First let's create our Address class.

  namespace VSMLazyLoading

  {

  public class Address

  {

  public int AddressId  { get; set; }

  public int PersonId {  get; set; }

  public string  AddressLine1 { get; set;  }

  public string  AddressLine2 { get; set;  }

  public string City { get; set; }

  public string State {  get; set; }

  public string ZipCode  { get; set; }

  public string Country  { get; set; }

        public Address()

  {

  Console.WriteLine(String.Format("Address created on {0}.", DateTime.Now));

  }
        public override string ToString()

  {

  return AddressLine1 + Environment.NewLine  + AddressLine2 + Environment.NewLine

  + City + " " + State + ", " 

  + ZipCode + Environment.NewLine +  Country; 

  }

  }

Next we'll create our Employee class, which derives from our already created Person class.

namespace VSMLazyLoading.Common

  {

  public class Employee : Person

  {

  private Lazy<Address> m_address;

        public Lazy<Address> LazyAddress 

  {

  set

  {

  m_address = value;

  }

  }
        public Address  MyAddress

  {

  get

  {

  return m_address.Value;

  }

  }

  }

Next we create our fake AddressRepository class that will load an Address record for a given personId.

 namespace VSMLazyLoading.Common

  {

  public class AddressRepository

  {

  public Address  LoadForPerson(int personId)

  {

  Address address = new  Address()

  {

  AddressId = 1,

  PersonId = personId,

  AddressLine1 = "1234 Fake Street",

  AddressLine2 = "Sector 7G",

  State = "IL",

  ZipCode = "60652",

  Country = "USA"

  };

            return address;

  }

  }

Now we create our fake EmployeeRepository class, which will lazily load an employee by their personId. We also lazily load the employee's address record.

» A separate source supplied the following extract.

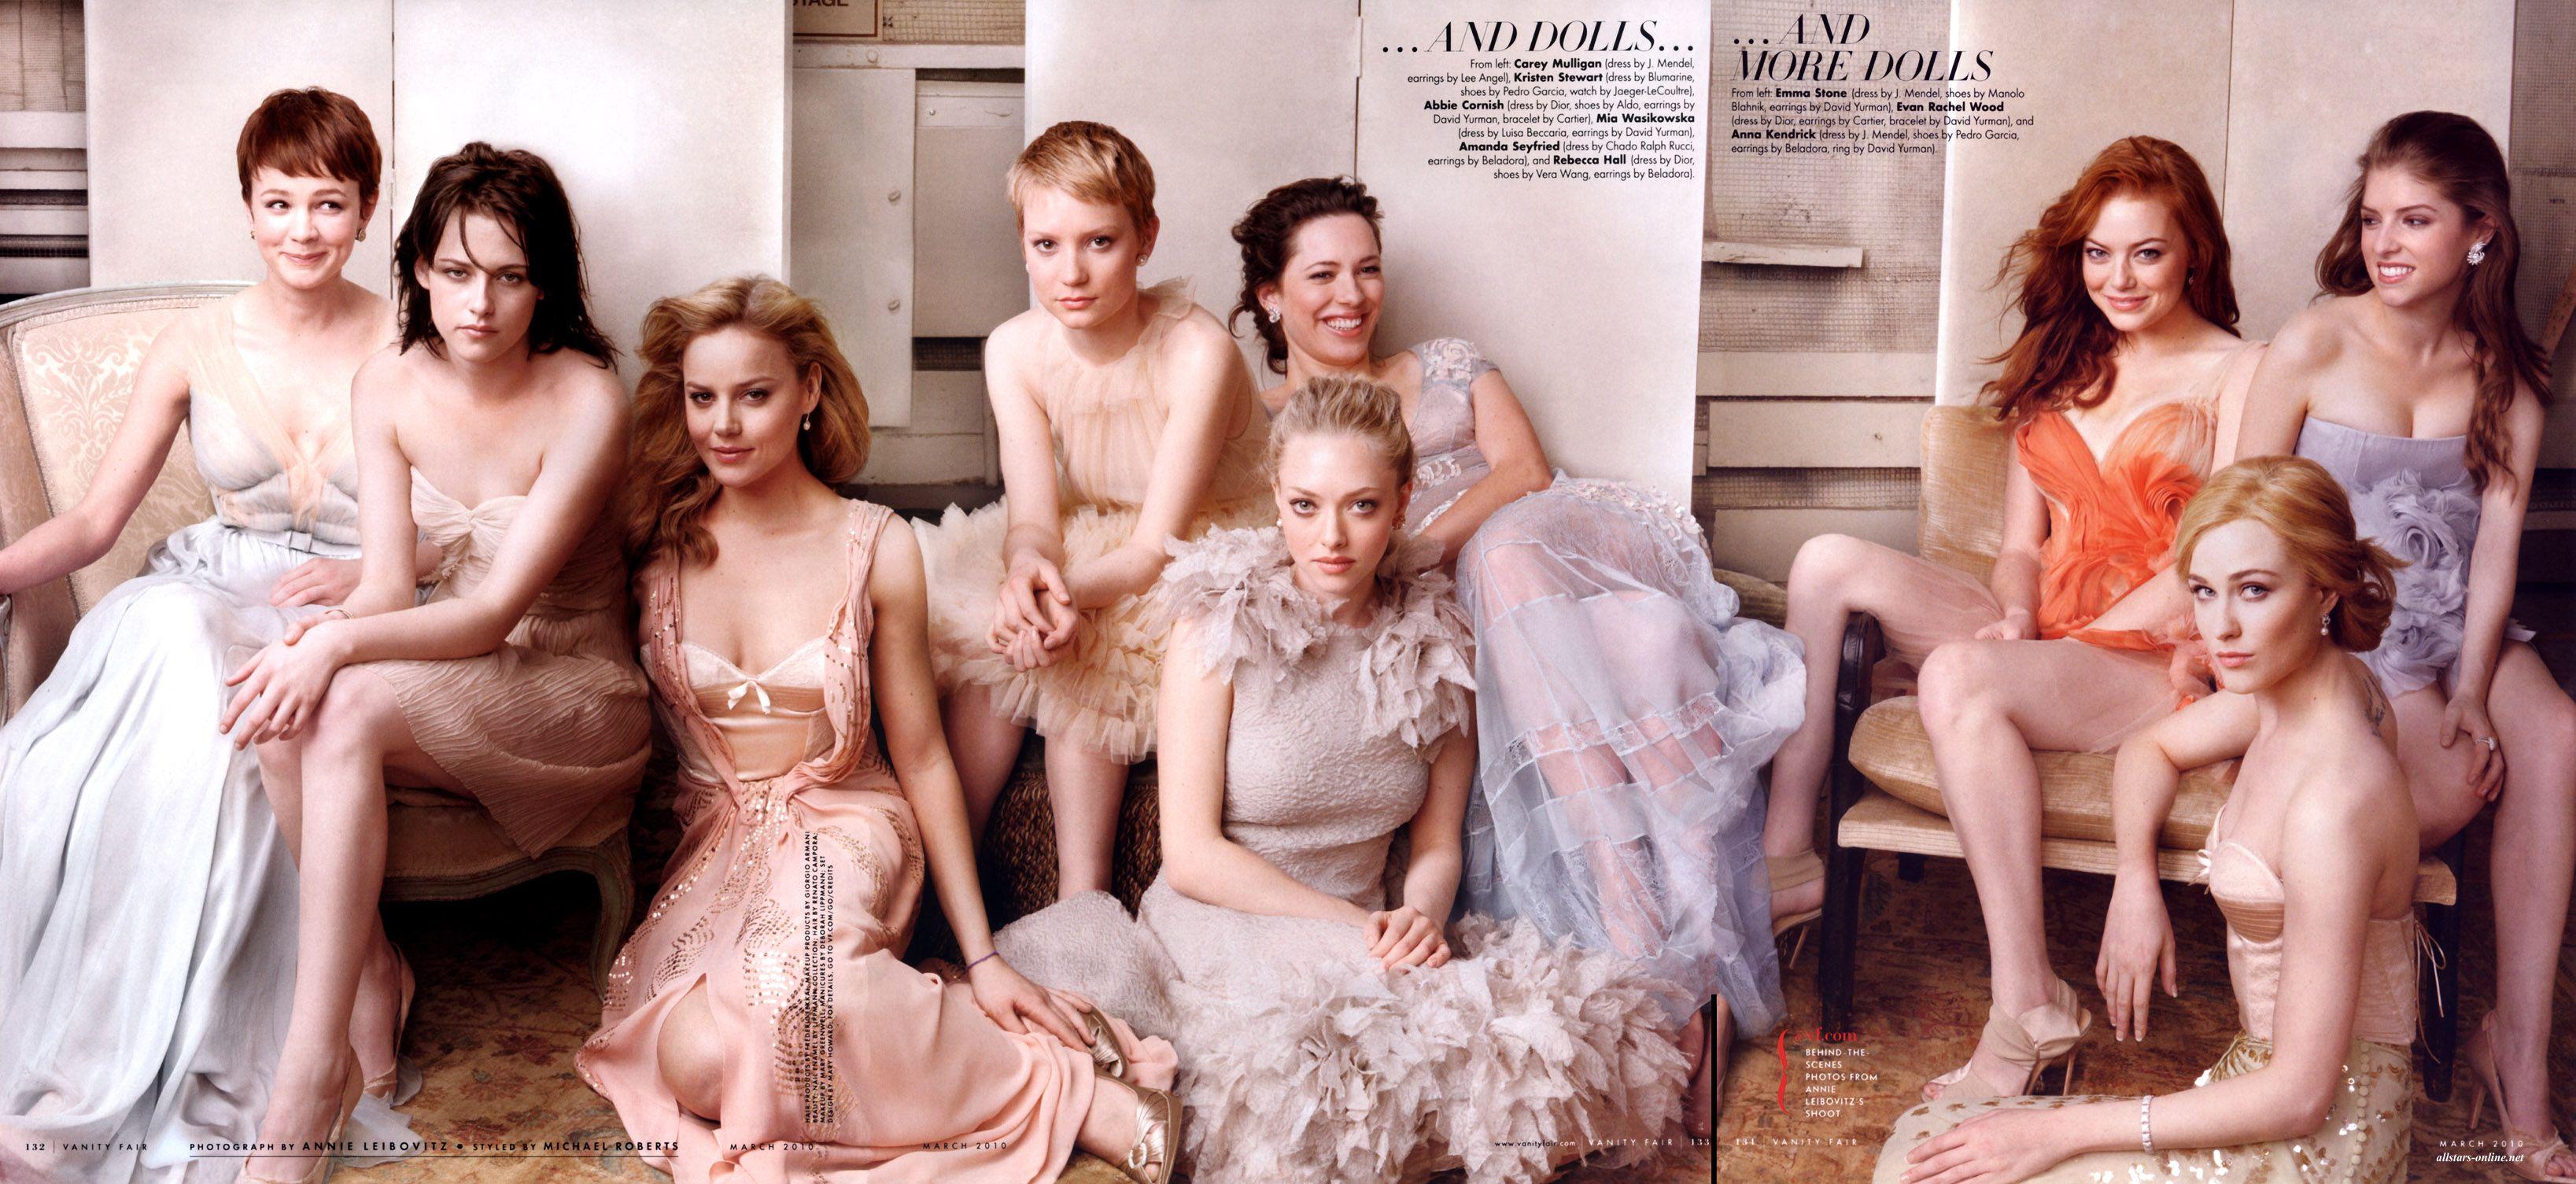 Vanity - Leibovitz

namespace VSMLazyLoading.Common

  {

  public class EmployeeRepository

  {

  public Lazy<Employee> Load(int  personId)

  {

  AddressRepository addressRep = new AddressRepository();

  Lazy<Employee>  lazyEmployee =

  new Lazy<Employee>(() => new  Employee()

  {

  PersonId = personId,

  FirstName = "Eric",

  LastName = "Vogel",

  LazyAddress =

  new Lazy<Address>(() => addressRep.LoadForPerson(personId))

  });

            return lazyEmployee;

  }

  }

Finally we utilize our EmployeeRepository to lazily load our fake Employee record.

EmployeeRepository employeeRep = new EmployeeRepository();

  Lazy<Employee>  lazyEmployee = employeeRep.Load(1);

  System.Threading.Thread.Sleep(1000);

  Employee employee = lazyEmployee.Value;

  Console.WriteLine(String.Format("Employee info{0} {1} {2}", Environment.NewLine, employee.FirstName,  employee.LastName));

  System.Threading.Thread.Sleep(1000);

  Address employeeAddress = employee.MyAddress;

  Console.WriteLine(String.Format("Address info:{0}{1}",Environment.NewLine, employeeAddress));

  Console.ReadLine();

[Click on image for larger view.]

Figure 3. Lazily loading the Employee record.

As you can see in Figure 3, our Employee record has successfully been lazily loaded as well as its associated Address record.

Get Lazy
As you can see lazy initialization and lazy loading are two very useful programming patterns. With the introduction of the Lazy<T> implementation in the fourth iteration of the .NET Framework, utilization of these programming patterns has become much more widely accessible. As with all programming patterns, lazy initialization and loading should be used judiciously.